Sunday 4 December 2011

BPTC: We Need Scores on the Doors

Outside of London the BPTC will set you back £12,000. Inside London, you're looking at closer to £15,000. Add a few thousand more on for living. The costs involved in pursuing a career at the Bar are frightening; but when you consider how many actually pass the course, the costs are enough to trigger a panic attack.

BPTC providers don't tend to publish their results. With good reason, too. See, according to one of my well placed sources, at one leading provider, twenty five per cent of students fail the BPTC. One in four of the mugs who have parted with upwards of £12,000 will fail. The Bar isn't so much a brave career choice, as a foolish one.

Of course, this is where the difference between big bucks corporate education providers and universities is most pronounced. University tutors remain in academia through a geniune infatuation with their subject. Tutors at the big bucks places turn to academia because they're tired of practice; teaching seems sensible. Universities flaunt their academic expertise- their results- because they want to attract the best students. Big bucks places keep schtum because they want to attract everyone. Big bucks places are about the bucks.

It is naieve to think that big bucks places will ever change their core values; plus, this would be an impossible thing to police. What would be easy to police, however, is a requirement that BPTC providers publish their results. Then candidates may make an informed decision about their prospects of passing the course and the quality of the provider's teaching. It's surprisingly simple: at every other stage of our academic careers we have been provided with league table after league table. Why? Because it allows us to make an informed decision; the past academic success of any institution is of direct relevance as we decide whether to embark on studies there. So, why, at the most expensive stage of our academic careers are we denied this information? And, what is more, why do we keep so quiet about it? It's time we started shouting. There's real- frighteningly real- money at stake.

Wednesday 25 May 2011

Pupillage Interviews: The Truth

They're not that bad. Not that I've secured a pupillage yet, mind. But, still, not that bad.

Non one's taken great pleasure in tripping me up, either in argument or, even, in a physical sense as I entered the room. Everyone has been pleasant.

Because I had, as I assume you have, heard the stories. The whispered tones, the way that the storyteller won't give you a straight answer when you ask 'at which chambers were you immersed, new suit and polished shoes, into the Temple fountain before being paraded along Fleet Street, wet and drowned and despondent?' I think, I fear, that my sources may have been exaggerating.

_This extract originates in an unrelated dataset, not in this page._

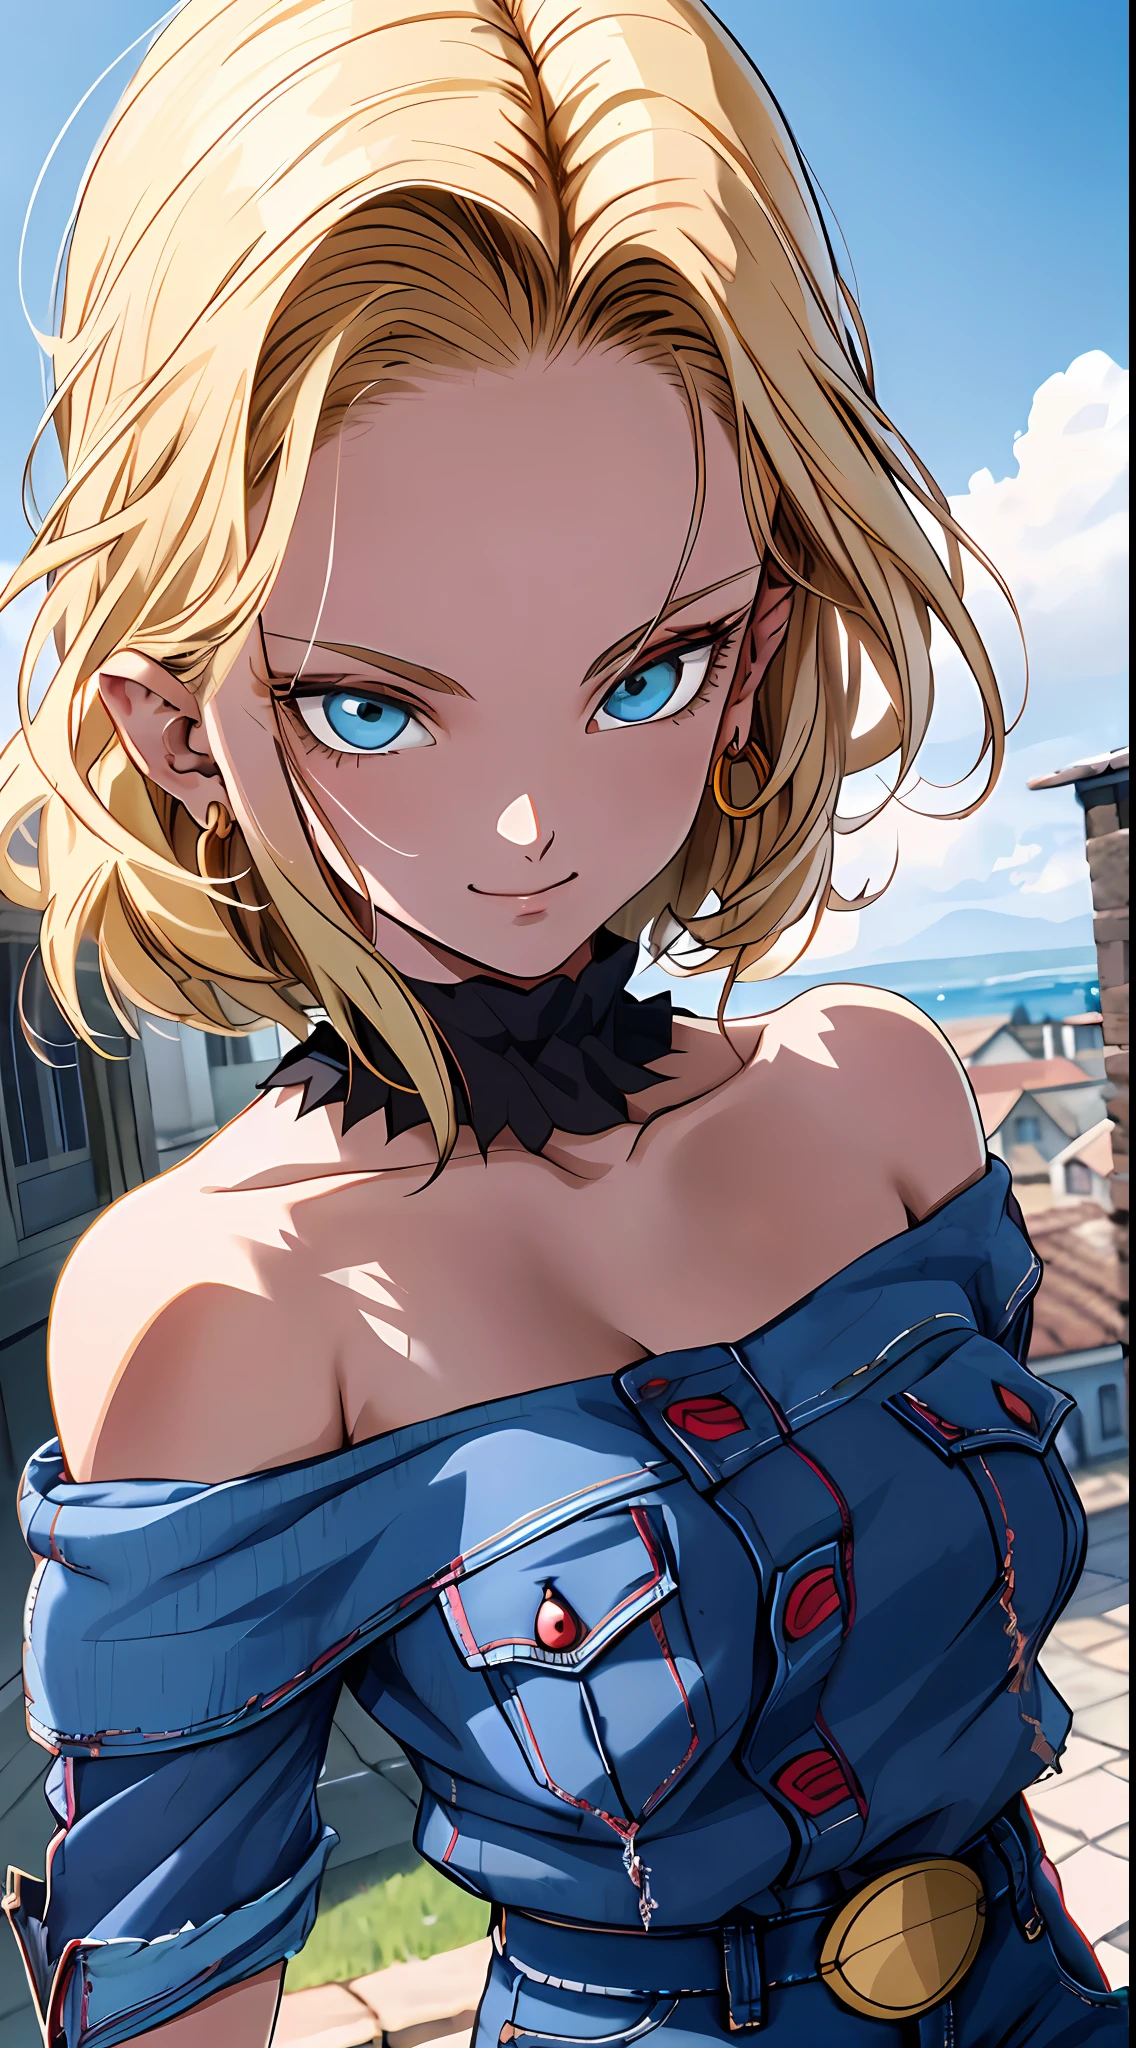 tmasterpiece， Best quality at best， ultra - detailed， absurderes， Portrait beautiful Android18DB， solo， 耳Nipple Ring， jewely， (Off-the-shoulder attire:1.5)，cleavage， upperbody closeup，ssmile， thongs， vests， ​​clouds， Skysky， daysies， exteriors，Denim super shorts，best qualtiy， tmasterpiece， intricately details， Tone-mapping， Sharp focus， ultra - detailed， Artstati is the trend，

But 'not bad' doesn't mean 'not difficult'. The questions were difficult. They've tested my logic, pushed me (gently, though) on a point, given me an advocacy exercise (argue for X, argue against X) and even asked me some HR type questions ('when have you displayed leadership qualities?). That last one- leadership- was impossible. There was no way to answer it without making myself sound like I thought myself some kind of messianic diplomat or, in a simpler term, an arse.

And I know what you may be thinking. Oh, well, whoever is writing this clearly demonstrated the aptitude of- I don't know, you can fill in that- and the interviewing chambers felt sorry for the spectacularly poor applicant and gave them an easy time. This may, indeed, be true for some of my applications; but not, however, for all. I made it through to the final four or five candidates for half of my applications so far. My experiences of the pupillage selection process are, to a point, reliable.

Really, all I wanted to say was this: the interviews really aren't that bad. The interviewing barristers seem to be very nice people indeed.

None nice enough yet to offer me a pupillage. But, anyway.